In 2000, Computer Games Strategy Plus named The Last Express one of the "10 Essential Graphic Adventures". The magazine's Steve Bauman wrote, "While it received terrific reviews, and its innovative storytelling engine should have pointed toward a bold new future for interactive fiction, it had disastrously low sales, essentially bankrupting the company that produced it and telling the industry that consumers weren't interested in this type of game." In 2010, the game was included as one of the titles in the book 1001 Video Games You Must Play Before You Die. In 2011, Adventure Gamers named The Last Express the seventh-best adventure game ever released.

Review scores
| Publication | Score |
|---|---|
| Computer Gaming World | 4.5/5 |
| GameSpot | 7.9/10 |
| Next Generation | 4/5 |
| PC Gamer (UK) | 58% |
| PC Gamer (US) | 90% |
| PC Magazine | 3/5 |
| Computer Games Strategy Plus | 4.5/5 |
| MacUser | 4/5 |
| Macworld | 4/5 |

== Legacy ==
=== Re-release ===
In 2000, the Fallout video game series creator and game publisher Interplay bought the lapsed rights and began quietly selling the game as a budget title. A short time later, Interplay went bankrupt; once again, the game went out of print. In 2006, the American subscription-based game service GameTap began offering the game on its network.

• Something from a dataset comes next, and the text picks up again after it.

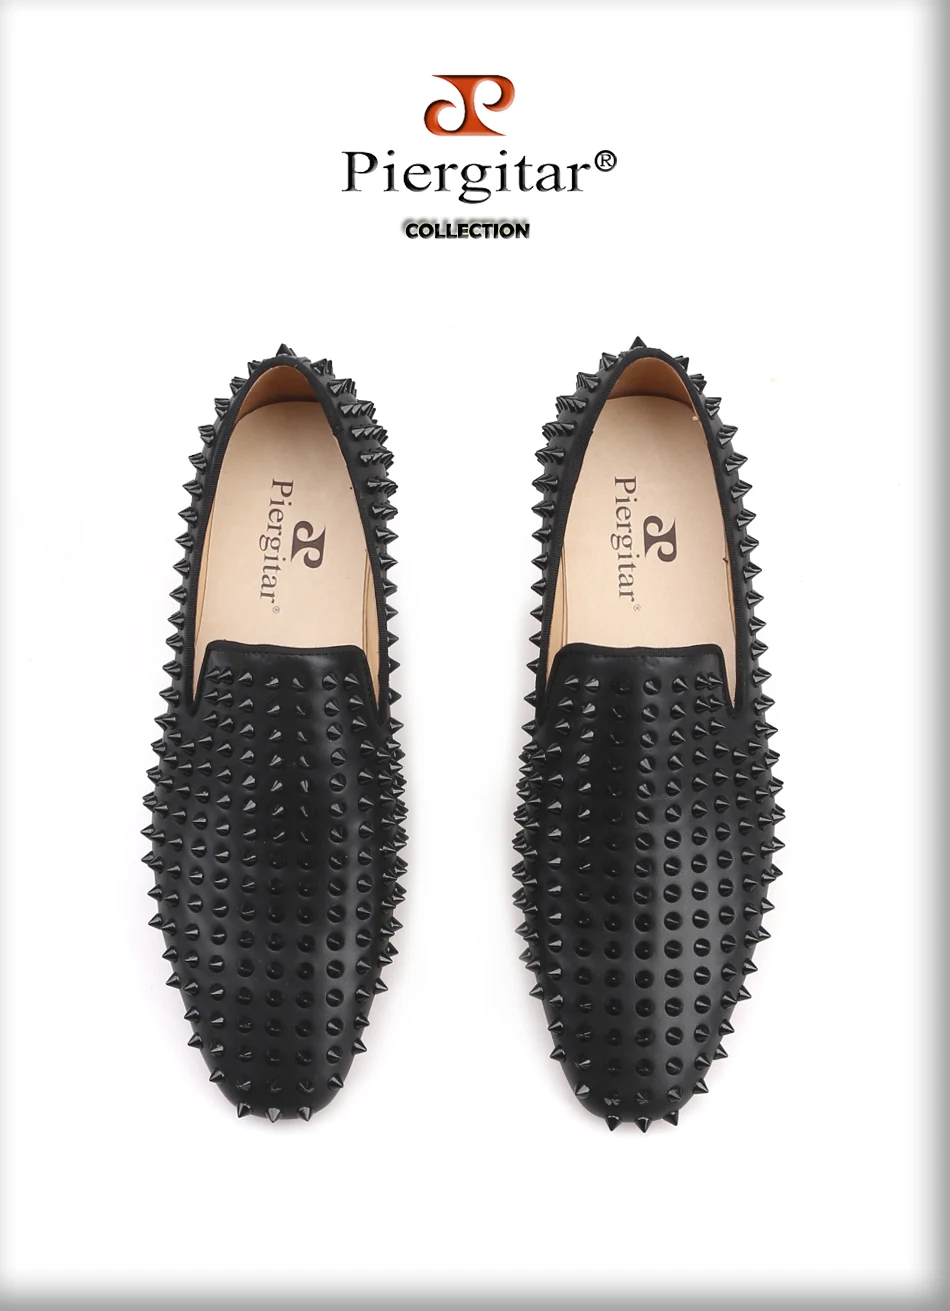 Piergitar/Новинка; Мужская обувь с шипами в виде одуванчиков; эта кожаная версия в тон черного цвета является шикарной основой как для работы, так и для работы

On January 14, 2011, DotEmu released the Collector's Edition of the game, which includes the soundtrack, a making-of video and a walkthrough. On January 26, 2011, Phoenix Licensing (the current copyright holder of the game) re-released the game in GOG.com, with all the extras of the Collector's Edition –except the walkthrough– and only in English.

=== Mobile ports ===
Mechner was later able to reacquire the rights to the game and worked in 2012 with DotEmu to release iOS and Android ports of the title. On March 16, 2012, Mechner announced an upcoming release of the game for iOS devices, with "additional enhancements to make it more iOS-friendly." The iOS version (iPad, iPhone and iPod Touch) of the games was released on September 27 by DotEmu.com and is available in the App Store. A version for Android was released on August 28, 2013, through the Google Play Store.

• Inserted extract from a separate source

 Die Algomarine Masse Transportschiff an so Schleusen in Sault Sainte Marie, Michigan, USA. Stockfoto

On November 21, 2013, DotEmu released also a Gold Edition for Windows on Steam. It adds improved user interface and inventory, advanced hint system, achievements, and cloud save support. It was released for macOS on March 17, 2015.

===Film adaptation===
On April 13, 2010, MTV's Movies Blog posted an excerpt from a recent interview with Dutch film director Paul Verhoeven. In the interview, Verhoeven is quoted as saying, "I am working on a movie now that is... situated in 1914. Basically, Indiana Jones-ish you could say, but also Hitchcockian." He also states that the source material is a video game, and that "the writer of the video game has asked me to keep [the identity of the game] secret until he has a script." Subsequently, several other websites speculated that the video game in question is The Last Express, considering the relative dearth of games set in 1914, as well as Jordan Mechner's work on the film version of Prince of Persia: The Sands of Time.

In October 2011, Verhoeven confirmed that he was working with Mechner to develop a film adaptation of the game. The film would most likely have been filmed in 3D, although it may not have been Verhoeven's immediate next project. The film remains unfinished but Jordan Mechner has uploaded the screenplay he had written for the film on his website.